The lifetime benefit of treatment for an individual person was calculated as the difference between the predicted median CVD-free life expectancy with and without treatment. Similarly, lifetime and 10-year absolute CVD risk reduction for individual persons were estimated by calculating the difference between the predicted 10-year CVD risk with and without treatment. The 95% confidence interval (CI) was calculated for the estimates, representing uncertainty of the model development, and relative effects of trial results. This was performed using bootstrap techniques. However, due to computational issues, bags of little bootstraps were necessary. First, 100 random samples without replacement of n^0.8 = 292, 024^0.8 = 23 569 patients were computed. In each random sample, 400 bootstrap samples were taken to obtain boundaries of 95% CIs.
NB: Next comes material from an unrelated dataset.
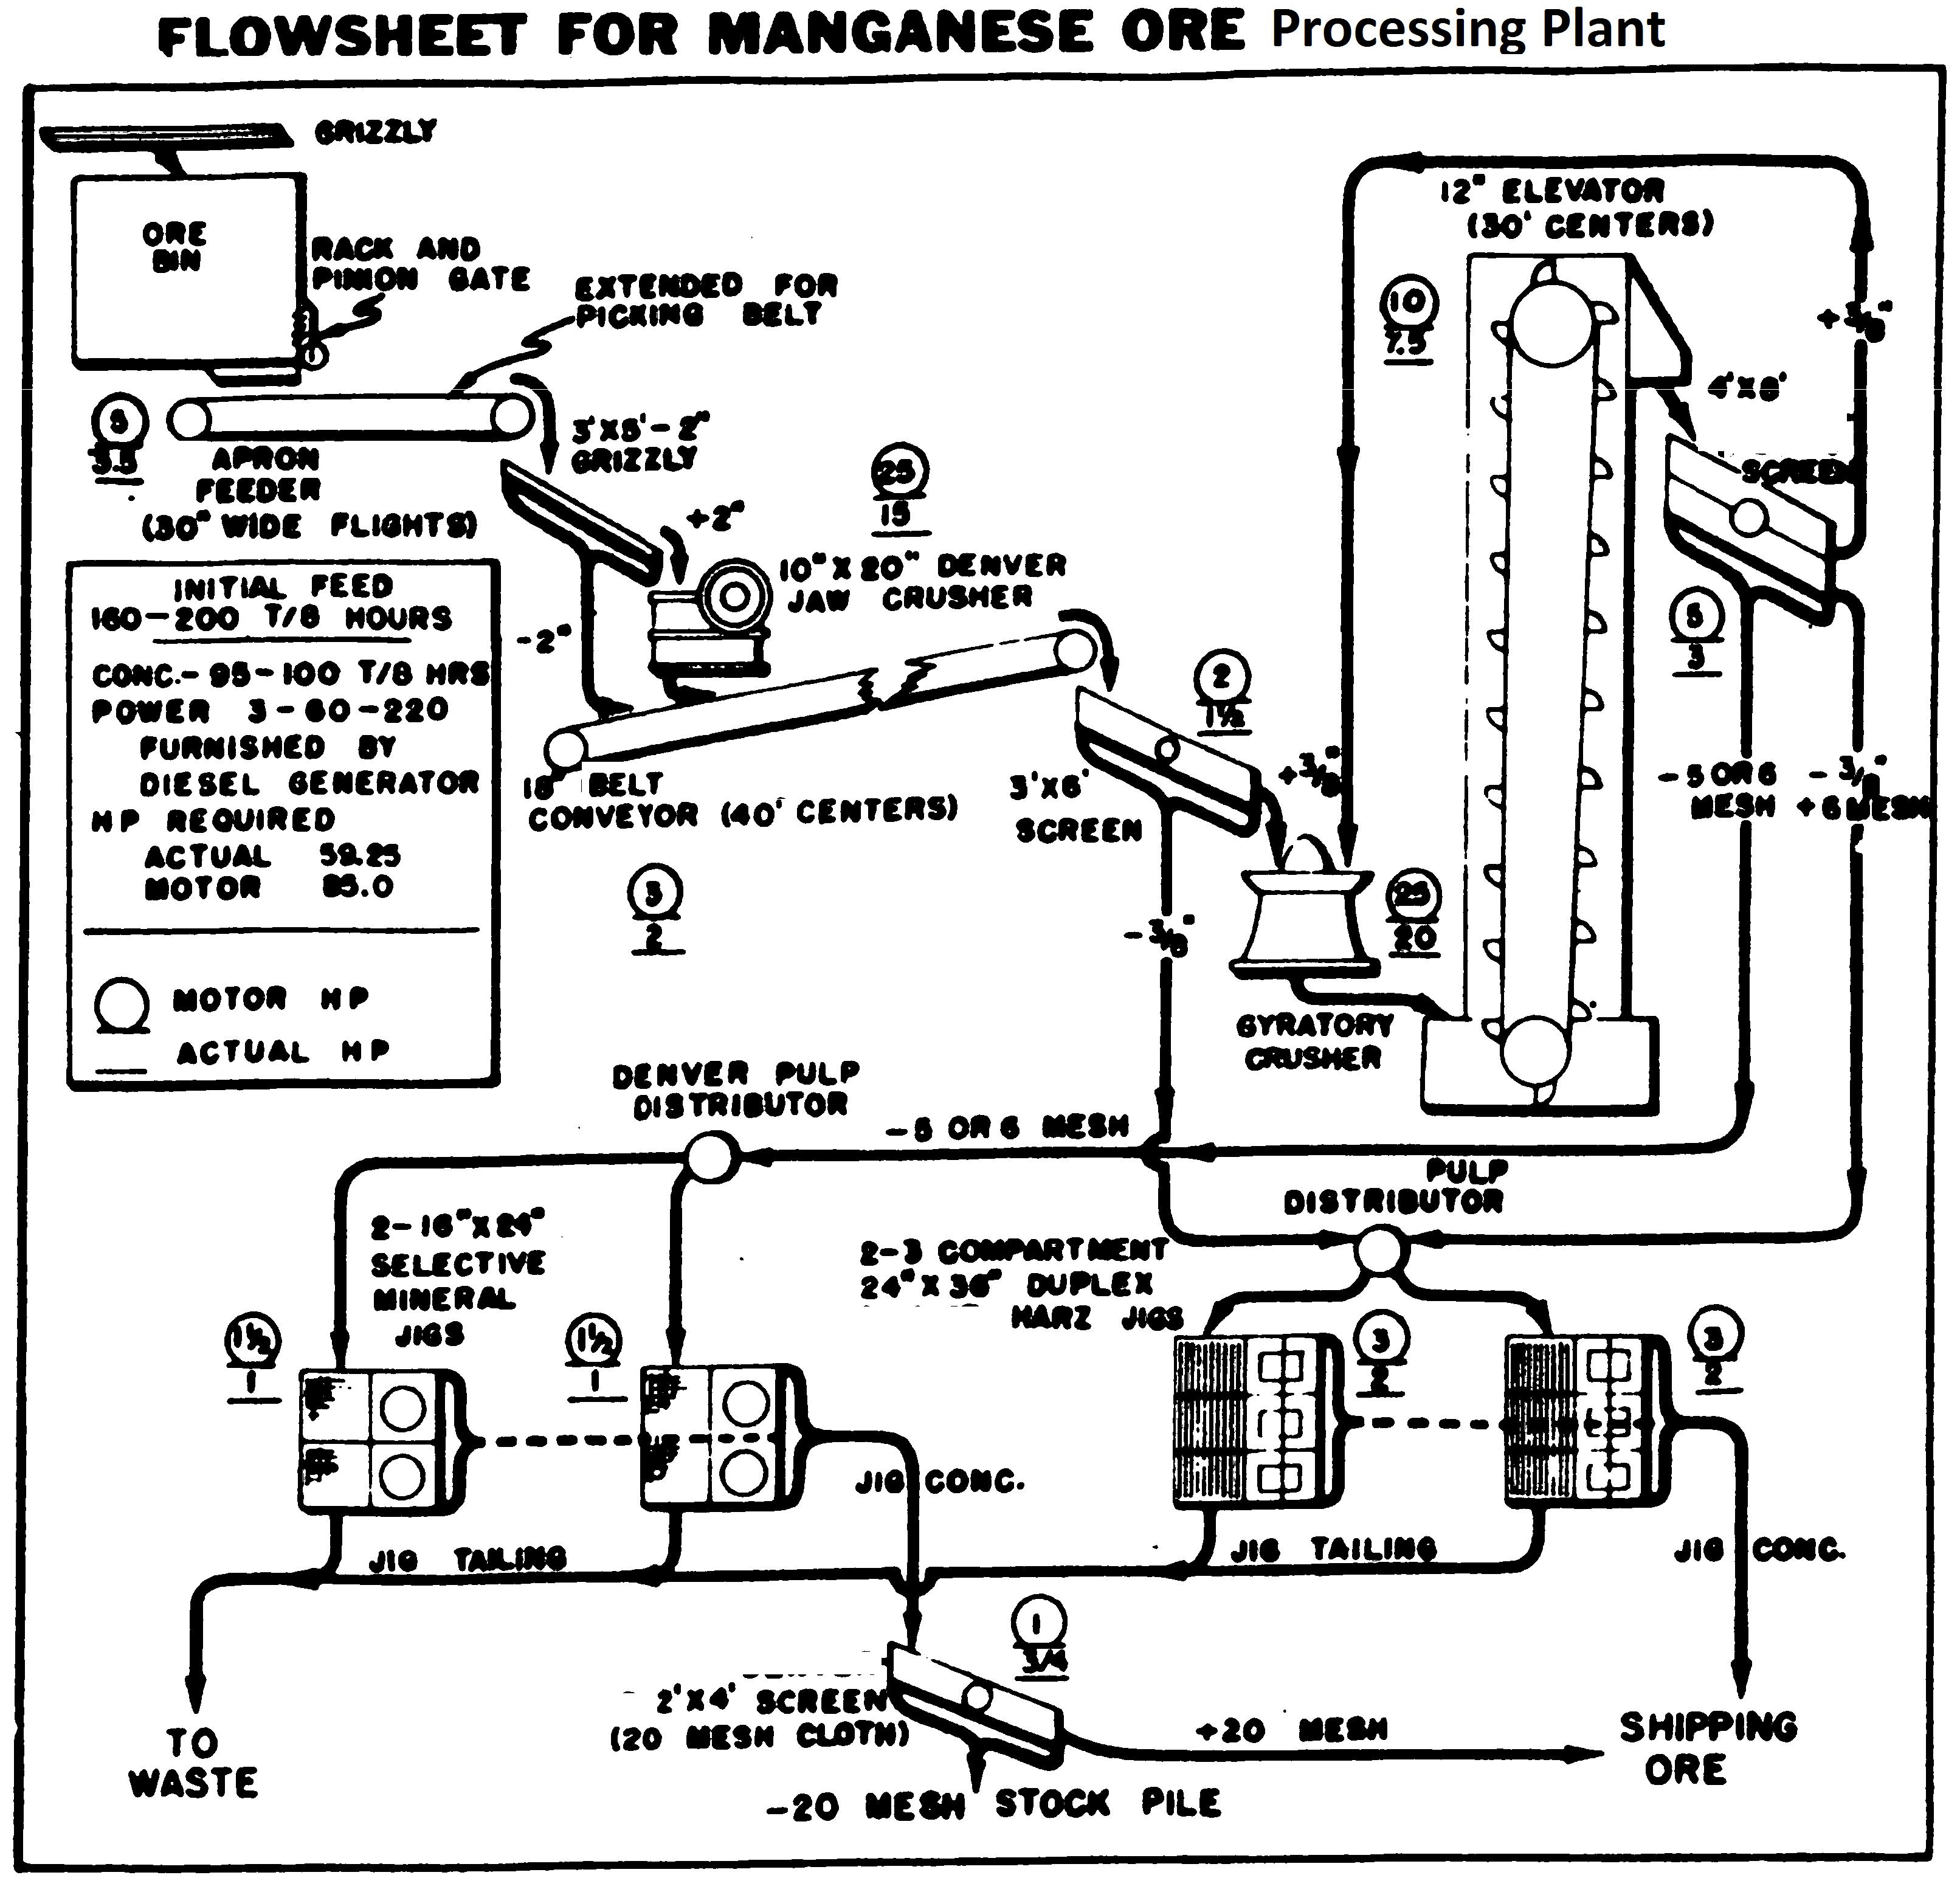 Manganese ore processing plant flowsheet nvjuhfo Image collections

The average of all 100 upper and lower 95% CI gave the 95% CI around the predicted estimates.³⁷

Results

The selection of development and validation cohorts from the Swedish NDR is illustrated in Supplementary material online, Figure S1. Baseline characteristics of all study populations are described pooled by geographical origin in Table 1, and stratified by original study cohort in Supplementary material online, Table S2.

Table 1.

Baseline characteristics for study populations used in the Diabetes Lifetime-perspective prediction model pooled by geographical origin

	Derivation	Validation
Group size	NDR derivation (n = 292 024)	NDR validation (n = 97 342)	Western- Europe (n = 7742)	Eastern- Europe (n = 2142)	North- America (n = 14 590)	Asia and Oceania (n = 5580)	Scotland (n = 167 731)
Age (year)	65 (57–74)	65 (57–74)	65 (59–70)	65 (59–71)	63 (58–68)	65 (60–69)	60 (51–68)
Sex (male)	164 672 (56%)	54 584 (56%)	5074 (66%)	949 (44%)	8488 (58%)	3196 (57%)	96 989 (58%)
Current smoking	48 235 (17%)	16 206 (17%)	1419 (18%)	377 (18%)	1989 (14%)	741 (13%)	59 434 (35%)
Duration of diabetes mellitus (year)	2 (0–7)	2 (0–7)	2 (2–5)	7 (3–12)	6 (2–12)	7 (3–12)	0 (0–0)
Insulin treatment	49 388 (17%)	16 639 (17%)	606 (8%)	43 (2%)	3587 (25%)	84 (2%)	16 373 (10%)
Systolic blood pressure (mmHg)	140 (128–150)	140 (128–150)	150 (137–164)	148 (135–163)	139 (127–150)	141 (128–155)	135 (125–145)
Body mass index (kg/m²)	29 (26–33)	29 (26–33)	29 (26–32)	30 (27–33)	31 (28–35)	26 (24–29)	32 (28–36)
HbA1c (mmol/mol)	50 (44–59)	50 (44–59)	53 (45–64)	56 (46–69)	63 (55–73)	55 (48–67)	53 (46–65)
Non-HDL-c (mmol/L)	3.7 (3.0–4.5)	3.7 (3.0–4.5)	3.8 (3.1–4.6)	4.3 (3.6–5.1)	3.9 (3.1–4.6)	3.8 (3.1–4.6)	3.4 (2.7–4.3)
eGFR (mL/min/1.73 m²; CKD-EPI)	84 (68–96)	84 (68–96)	72 (61–86)	70 (59–83)	81 (67–94)	79 (65––92)	83 (68–96)
Micro-albuminuria	43 231 (15%)	14 668 (15%)	2707 (35%)	560 (26%)	2892 (20%)	1731 (31%)	24 631 (15%)
Macro-albuminuria	20 526 (7%)	6832 (7%)	201 (3%)	99 (5%)	761 (5%)	276 (5%)	2318 (1 %)
History of CVD	55 896 (19%)	18 674 (19%)	2618 (34%)	771 (36%)	4948 (34%)	1784 (32%)	24 853 (15%)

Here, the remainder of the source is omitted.